Hanya saja dengan menempatkan Pancasila sebagai gagasan filosofis biasa yang tidak memiliki kemutlakan dalam konteks negarabangsa Indonesia. Resikonya, Pancasila bisa dibongkar-pasang artinya bisa ditambah atau dikurangi sila-silanya, atau bahkan bisa diganti dengan dasar negara lain, meskipun saat ini HTI tidak mewacanakan penggantian dasar negara tersebut.
Kedua, dengan menempatkan Pancasila sebagai filosofi, maka HTI tidak menempatkan Pancasila sebagai dasar negara dan ideologi nasional. Sebagai dasar negara, Pancasila bersifat mutlak, sejak di dalam rumusan internalnya, maupun dalam fungsi permanen sebagai dasar negara yang mendasari segenap tata lembaga dan kebijakan politik di Indonesia.
Sementara itu sebagai ideologi nasional, Pancasila ditempatkan sebagai ideologi politik dalam kerangka nasionalisme Indonesia.

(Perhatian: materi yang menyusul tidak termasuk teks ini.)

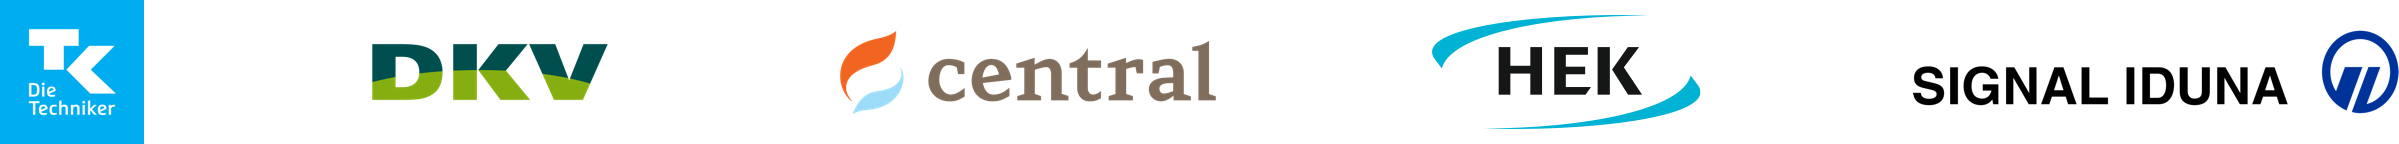 Mandanten: TK DKV Central Signal Iduna
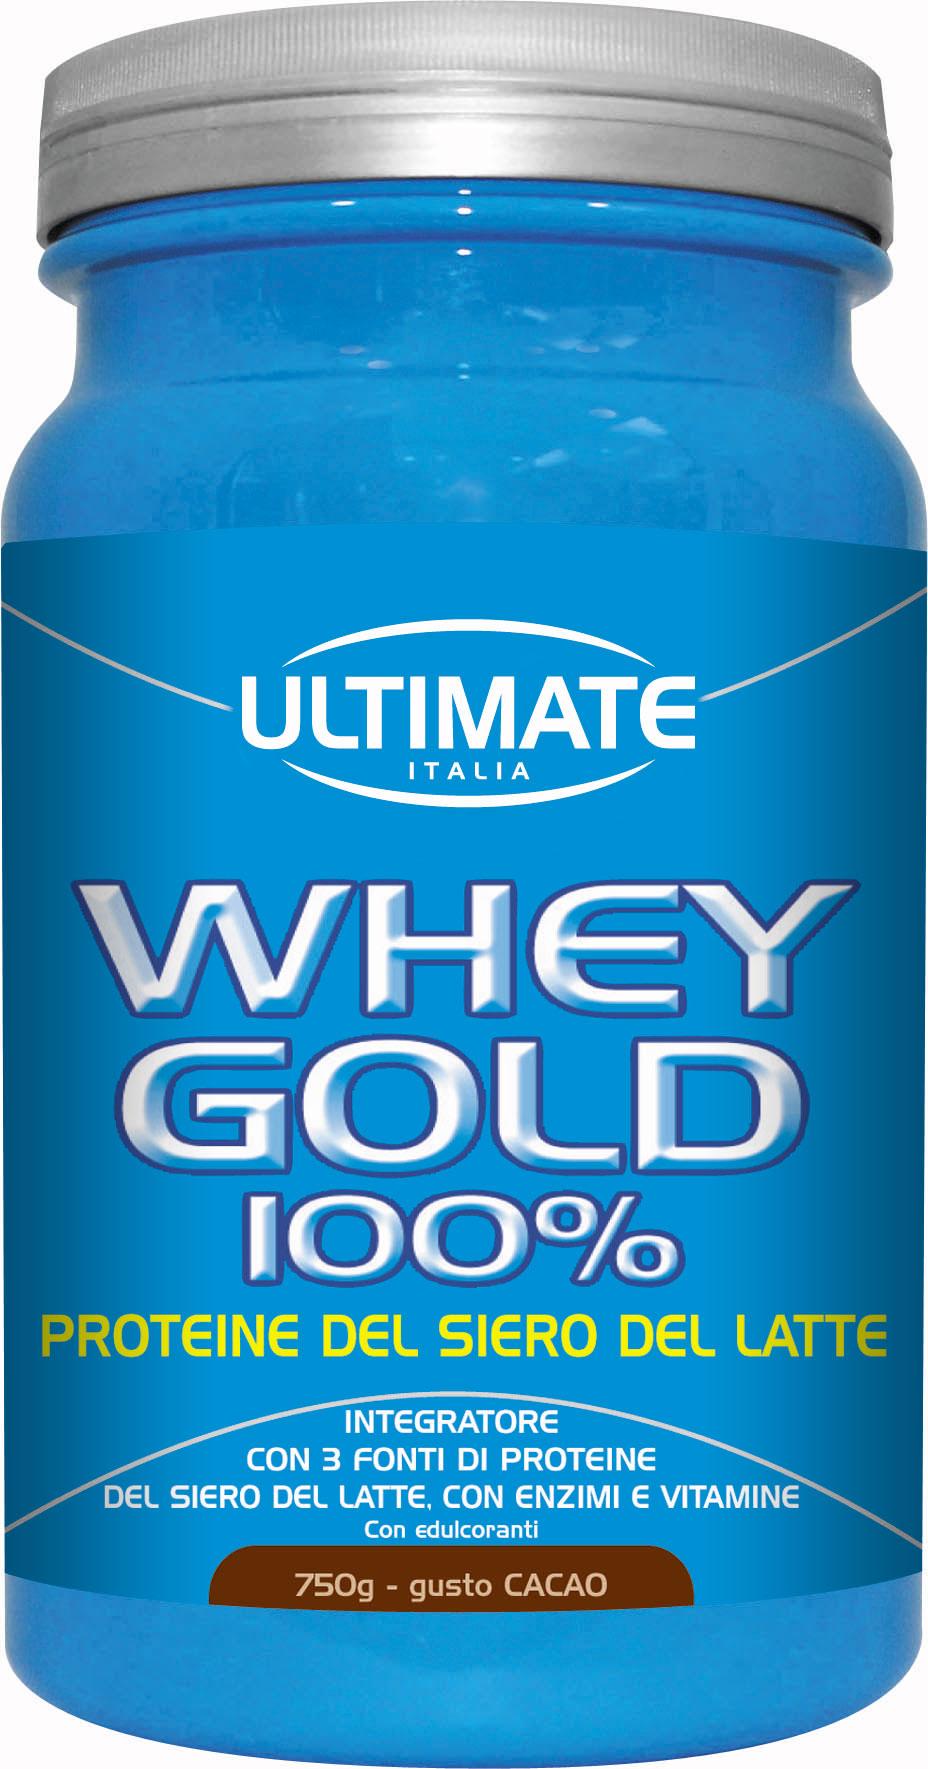 Ultimate Whey Gold 100% Integratore Alimentare Gusto Cacao 750g

Dalam kerangka ini, Pancasila akhirnya menjadi dasar bagi pemikiran politik rakyat Indonesia, dan mengarahkan cita-cita segenap masyarakat Indonesia.
HTI menolak pancasila sebagai dasar negara, karena sejak awal ia memang mendasarkan konsepsi politiknya pada Islam. Artinya, di dalam konsep politik khilafah, dasar negara khilafah tentulah bukan Pancasila, melainkan Islam. Oleh karenanya, dengan sifat relatif-dinamis dalam kerangka set of philosophy, Pancasila tidak mutlak sebagai dasar negara, sehingga ketika kondisi politik memungkinkan, ia bisa diganti. Hal sama terjadi pada posisi Pancasila sebagai ideologi nasional.
Karena dasar politik HTI adalah Islam, maka ideologi politiknya tentulah Islam, bukan Pancasila. Oleh karena itu, HTI kemudian menawarkan Islam sebagai ideologi alternatif untuk Indonesia. Namun HTI tidak mungkin menempatkan Pancasila setara dengan Islam. Mengapa?
Baca Juga: Maksud “Musuh Terbesar Pancasila itu Agama”
Karena Pancasila hanyalah gagasan filosofis, sementara Islam adalah agama. Sebagai agama, Islam tentu di atas Pancasila, sehingga ketika Islam dipahami sebagai ideologi, ia mengatasi dan melampaui ideologi Pancasila.
Akibat dari pemikiran HTI tersebut yang ingin mendirikan khilafah dan mengganti ideolgi Indonesia dengan ideologi Islam pada tanggal 19 Juli 2018 HTI dibubarkan dengan alasan membahayakan keutuhan NKRI.
HTI dibubarkan berdasarkan Perpu Nomor 2 Tahun 2017 tentang Organisasi Kemasyarakan (Perppu Ormas). Tetapi walaupun sudah di bubarkan HTI tetap menjalankan dakwah seperti biasanya. Mereka tetap melakukan kajian-kajian mengenai islam baik itu lewat masjid kemasjid, sosial media, maupun lewat seminar.